Updating Ports with correctDrift enabled using multiple-paths repo triggers an error
Issue
Error triggered after updating ports with correctDrift enabled while using multiple-paths repo
Reproduction steps
- Install Rancher 2.8-head with 3 downstream clusters
- Created a GitRepo by enabling correctDrift. (https://github.com/rancher/fleet-test-data, path: multiple-paths) and deployed to all downstream clusers
- Navigated to DS cluster --> Services
- Edited service by updating it's port.
- Waited for 30 seconds.
- Observations on Rancher 2.8.5:
- GitRepo is in Modified state with Error(See screenshot.)
- Navigated to Continuous Delivery --> Clusters.
- DS cluster on which service was deployed/created is in Modified state.

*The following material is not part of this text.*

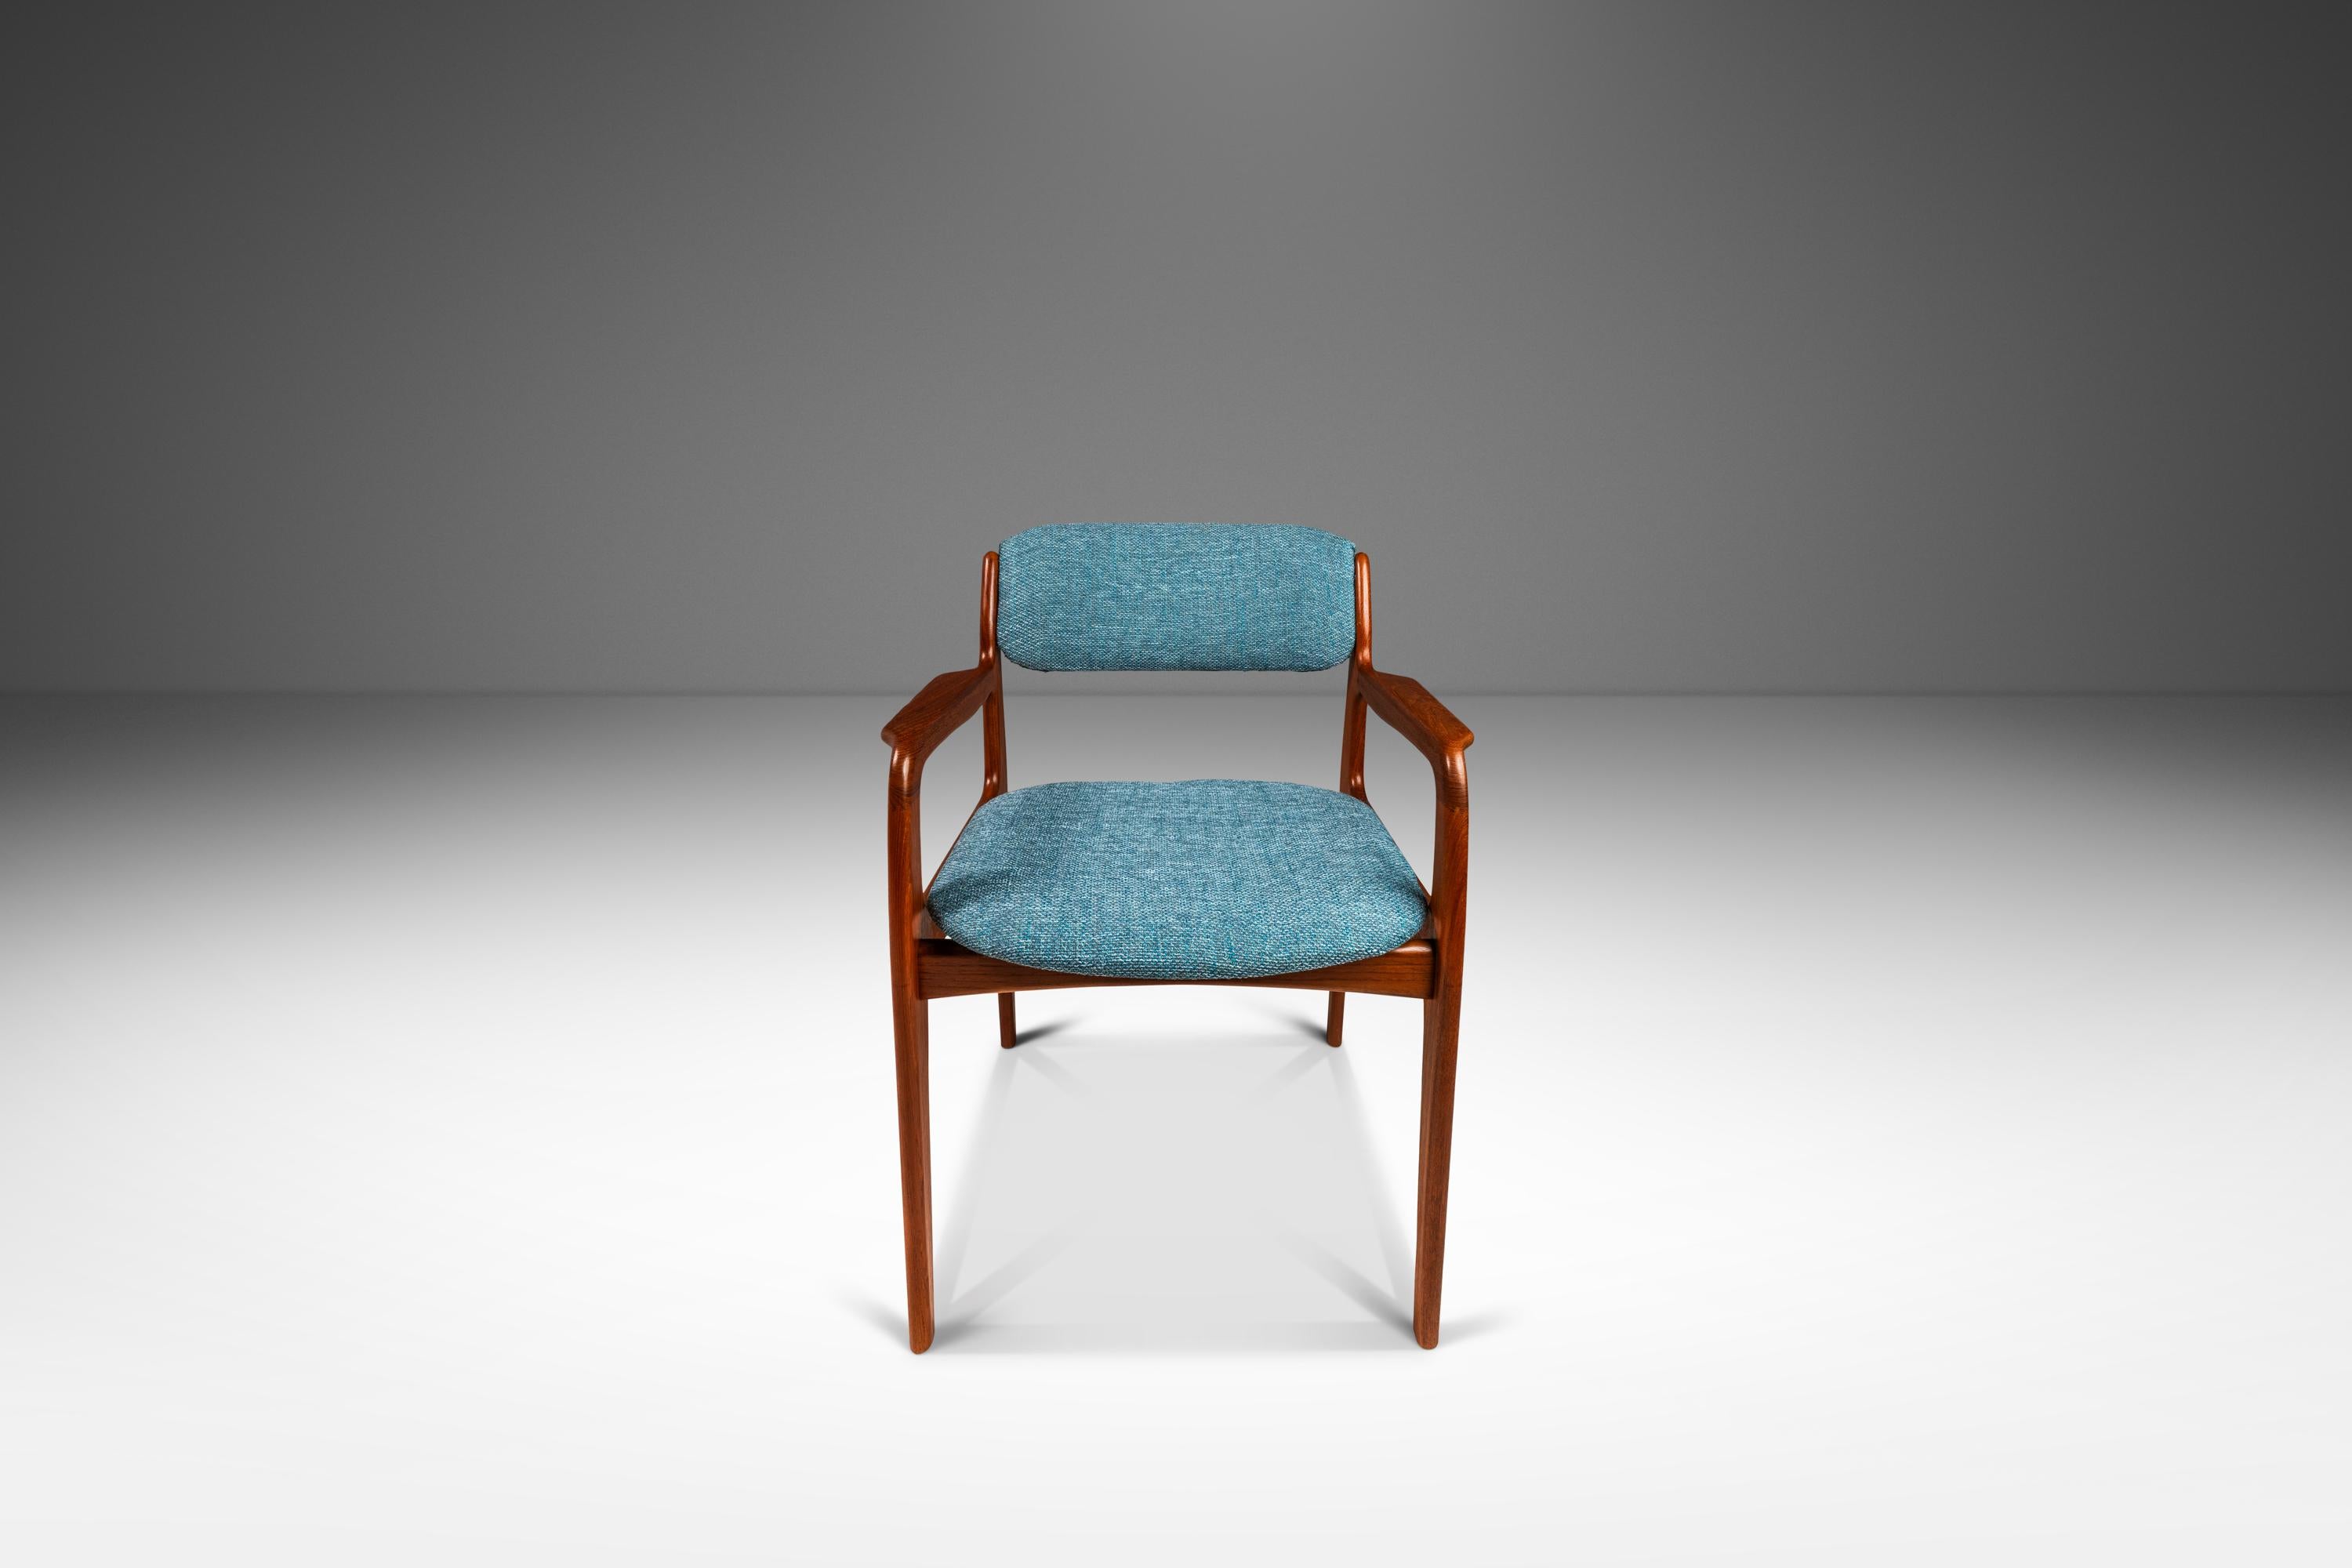 Fabric Dining / Desk / Chair in Solid Teak & New Upholstery by Benny Linden, c. 1980s For Sale

- Above observation is seen in Rancher
2.8.5+ ~~2.8-headbut not in2.9.0-alpha7~~. Edit: Observed in 2.9 as well IFForce updateis applied
This check has been currently added to ui/e2e ci here. A video can be downloaded from artifact and can by playing the part p1.specs.ts on minute 8:02
Not sure if the Modified state is somehow related to https://github.com/rancher/dashboard/issues/11404
FTR: After adding latest checks for this issue on our ci, 2.8-head did not show this error today, but 2.7-head did.
I just performed a manual check and it seems there was a caveat in our automation.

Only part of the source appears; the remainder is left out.